++++ GIVEN DATA ++++
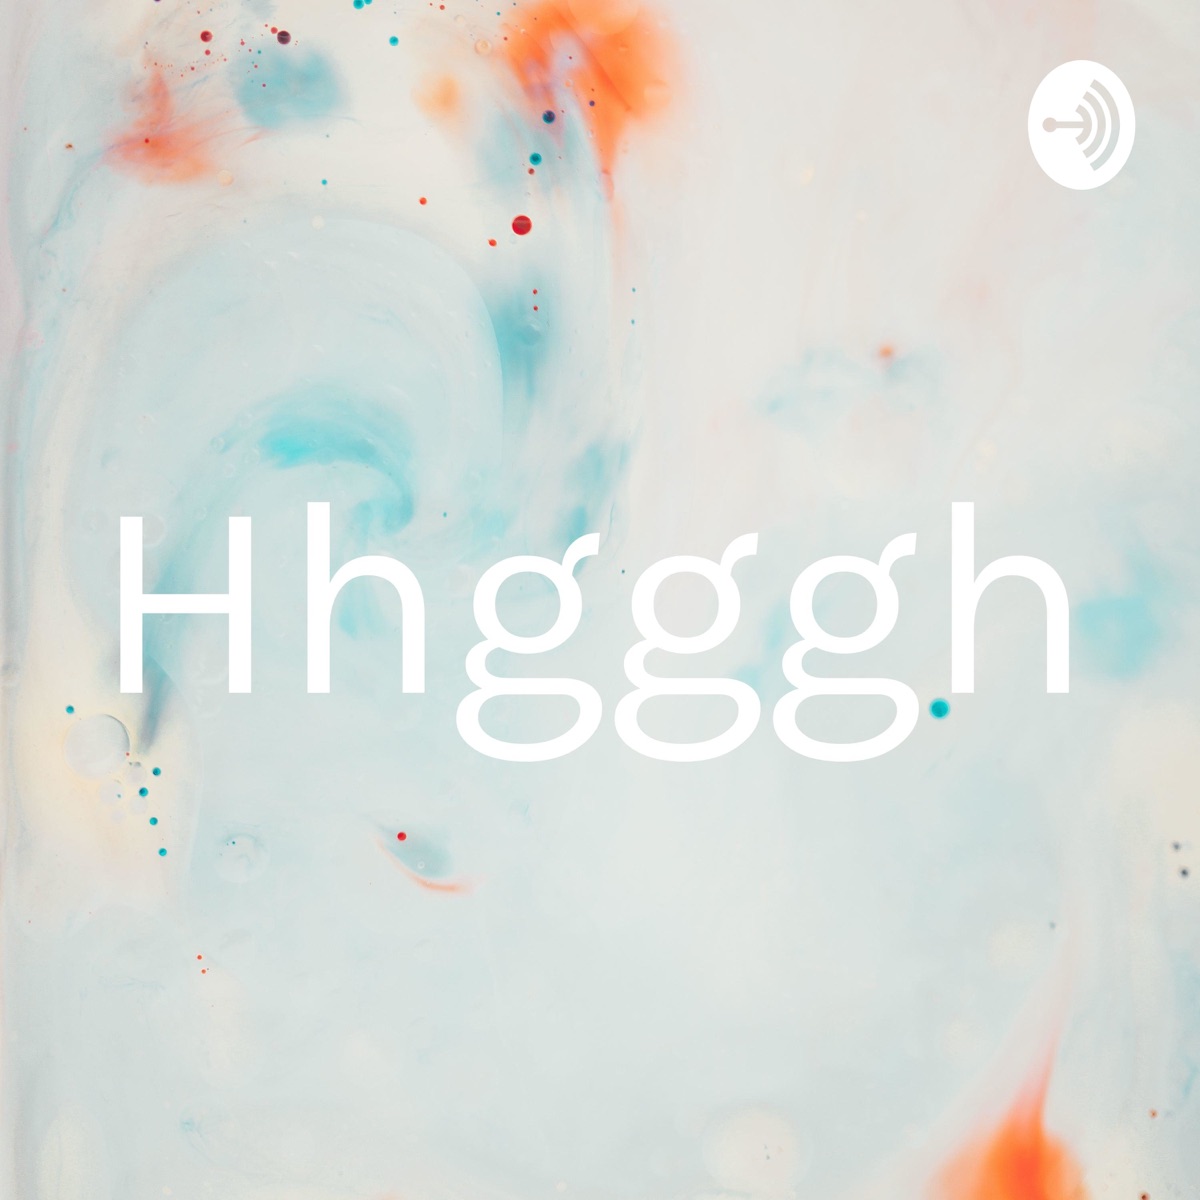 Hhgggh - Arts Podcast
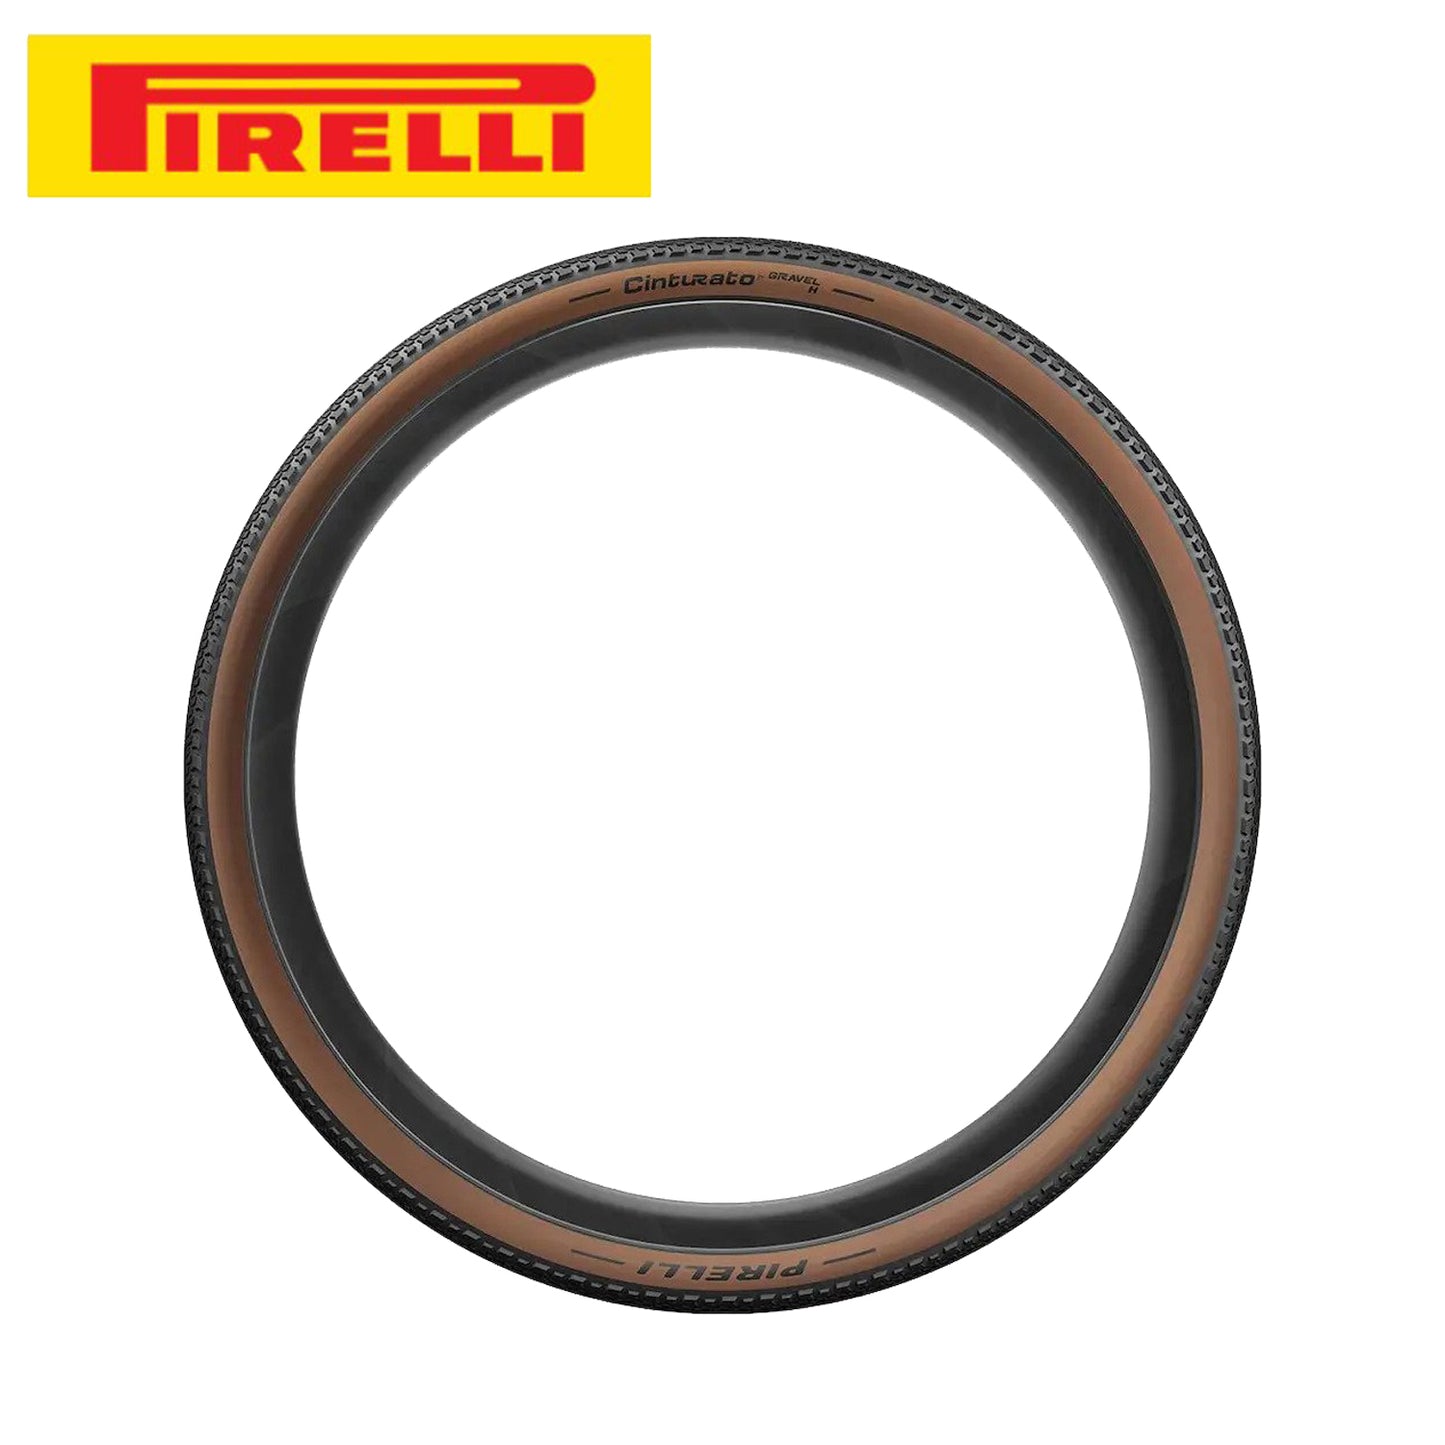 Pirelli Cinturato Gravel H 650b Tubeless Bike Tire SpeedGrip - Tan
++++
++++ GIVEN DATA ++++
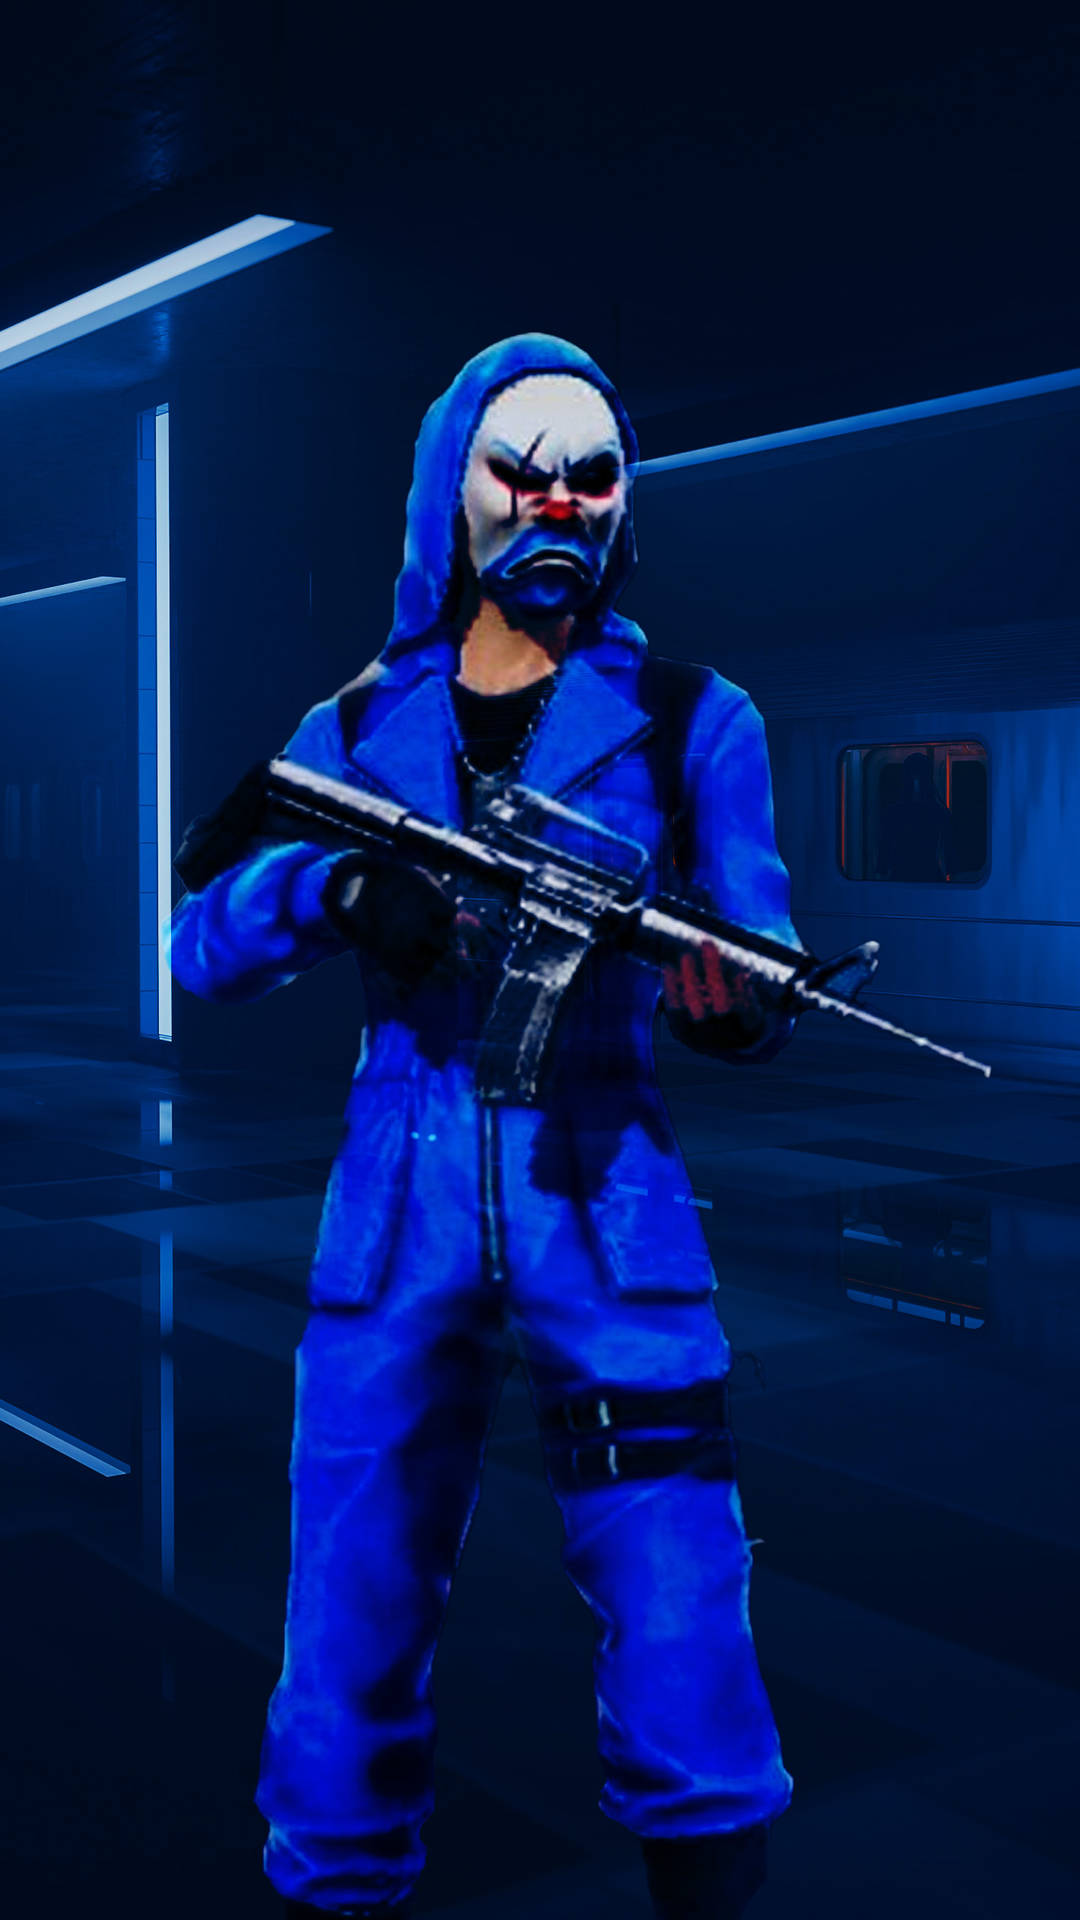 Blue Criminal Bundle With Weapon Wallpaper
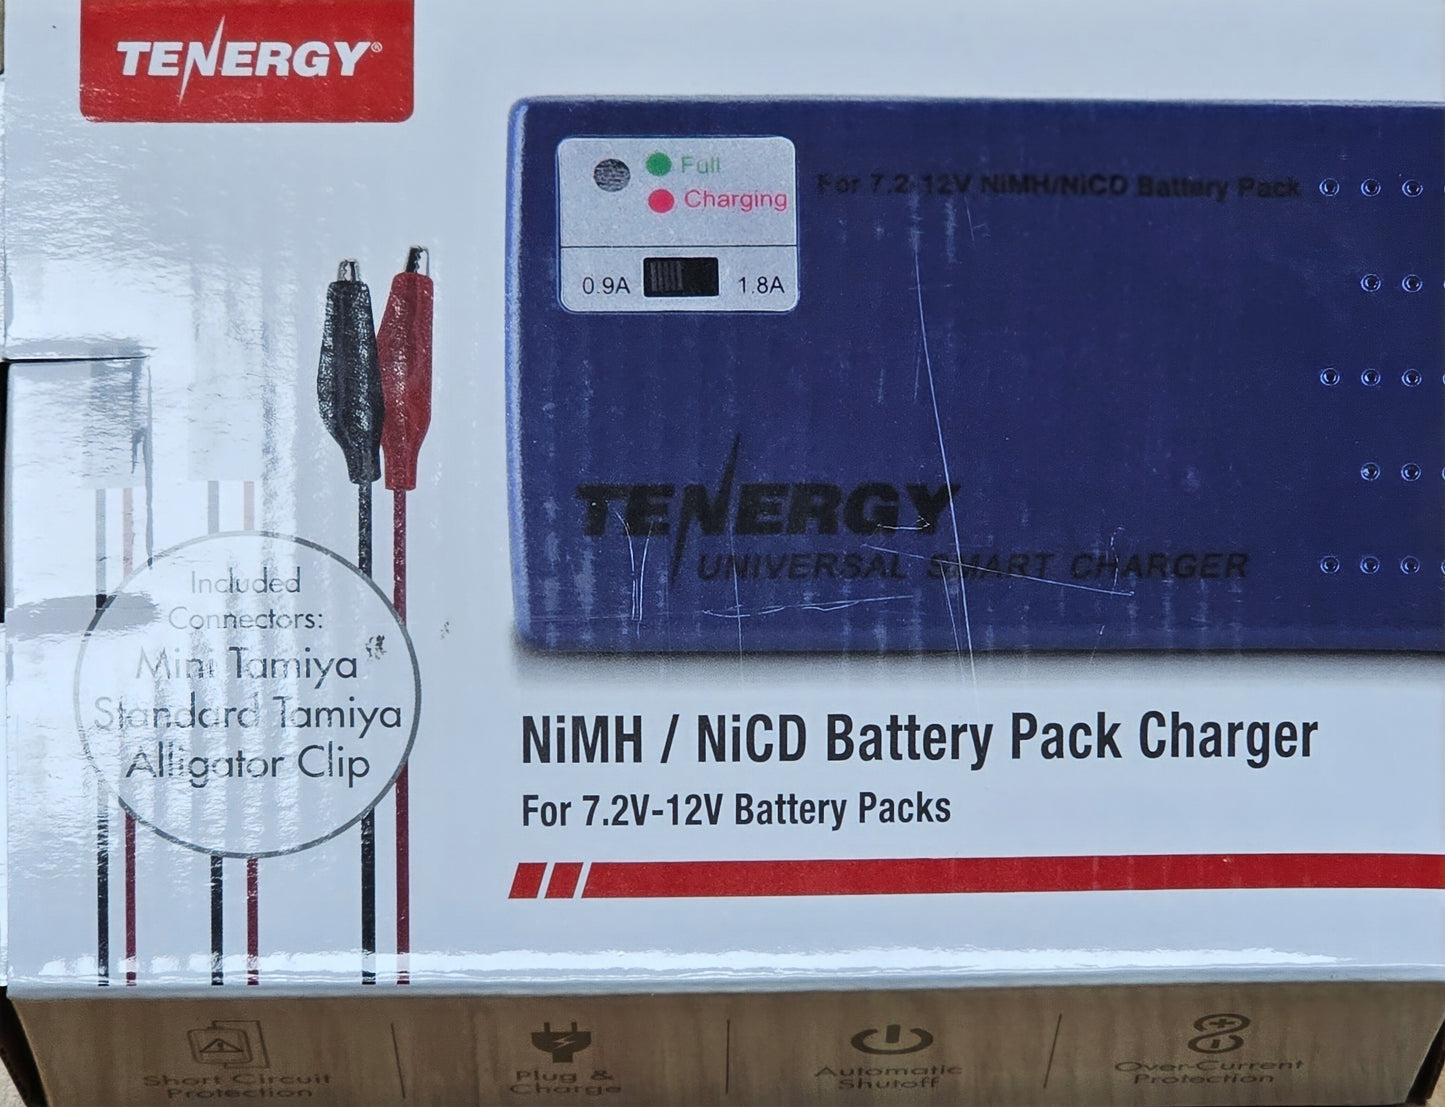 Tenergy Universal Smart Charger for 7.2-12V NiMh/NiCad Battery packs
++++
++++ GIVEN DATA ++++
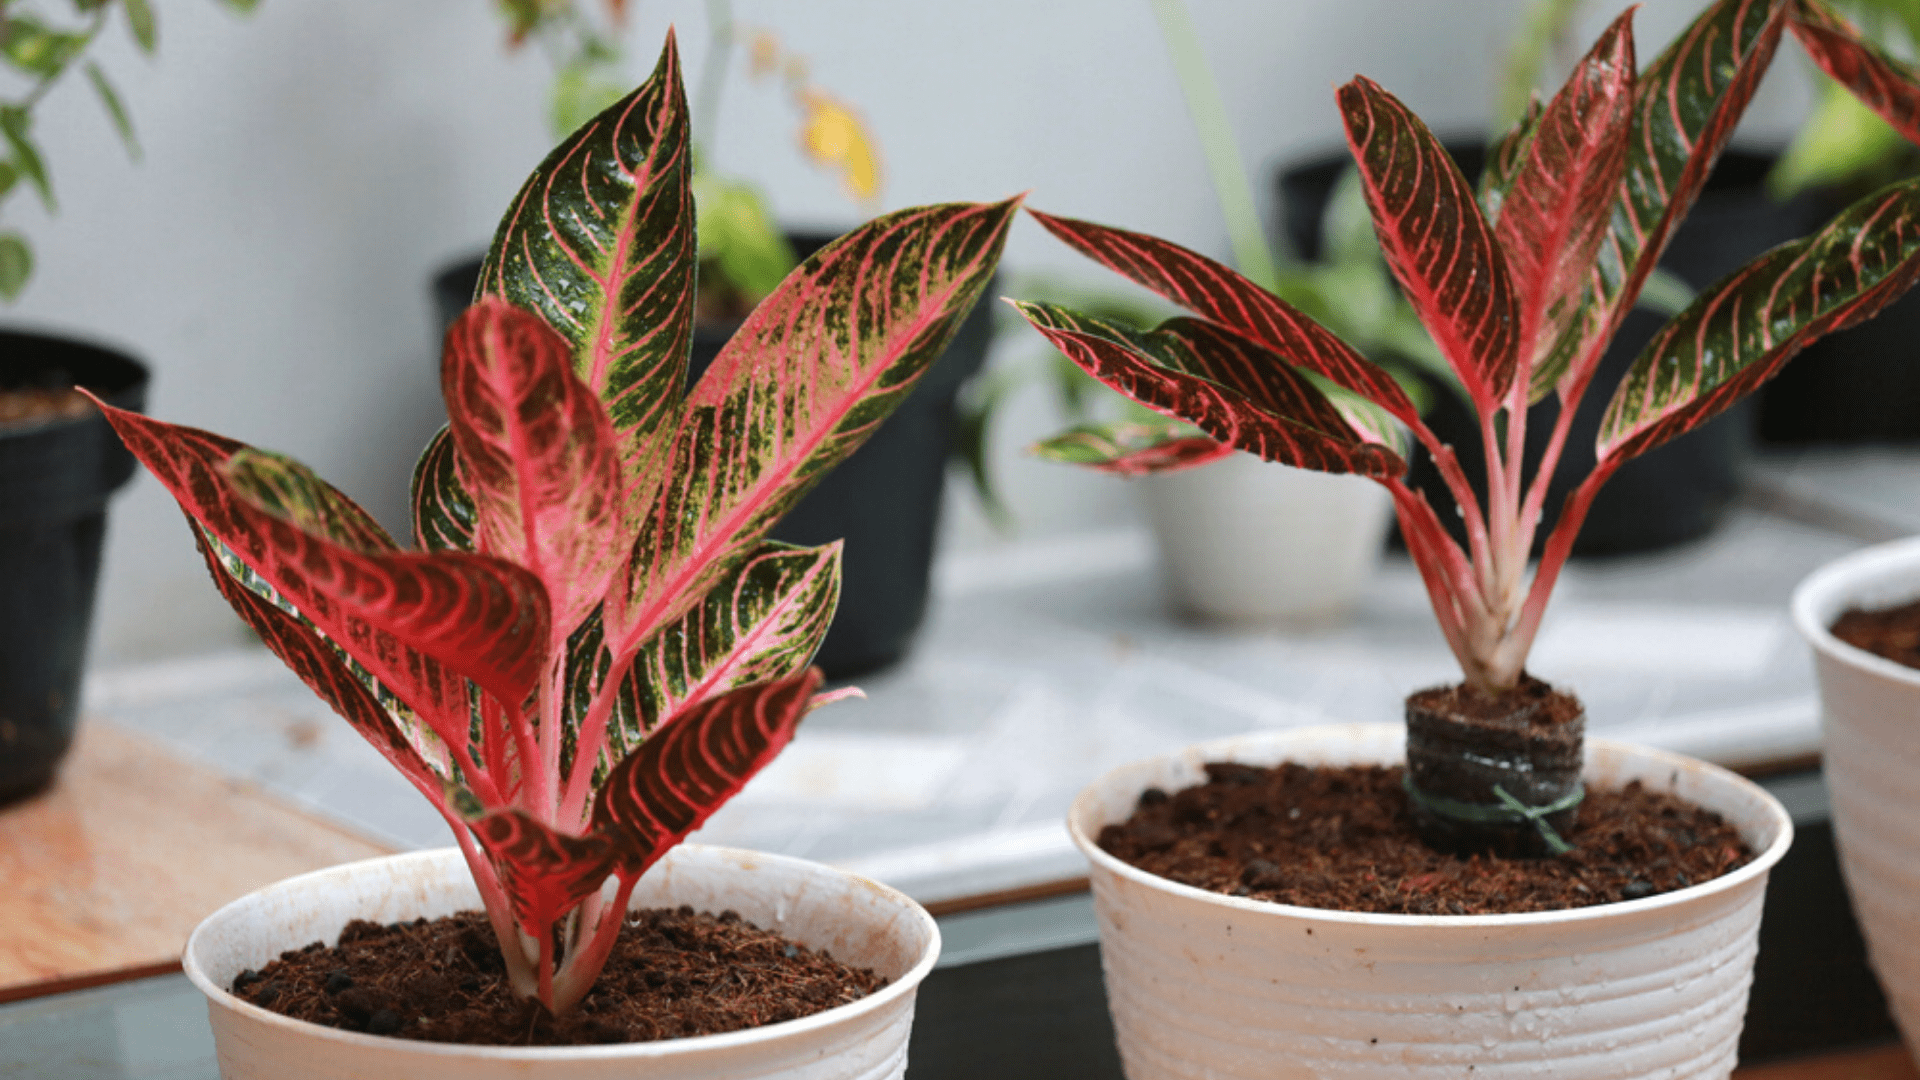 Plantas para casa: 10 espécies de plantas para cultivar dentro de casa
++++
▸ **WHAT YOU WILL DO**
Look above for the line with "Hhgggh - Arts Podcast", then print it and each line after it down to and including the line with "Pirelli Cinturato Gravel". Leave out the pictures and keep the wording exact.

▸ **EXPECTED ANSWER**
 Hhgggh - Arts Podcast
 Pirelli Cinturato Gravel H 650b Tubeless Bike Tire SpeedGrip - Tan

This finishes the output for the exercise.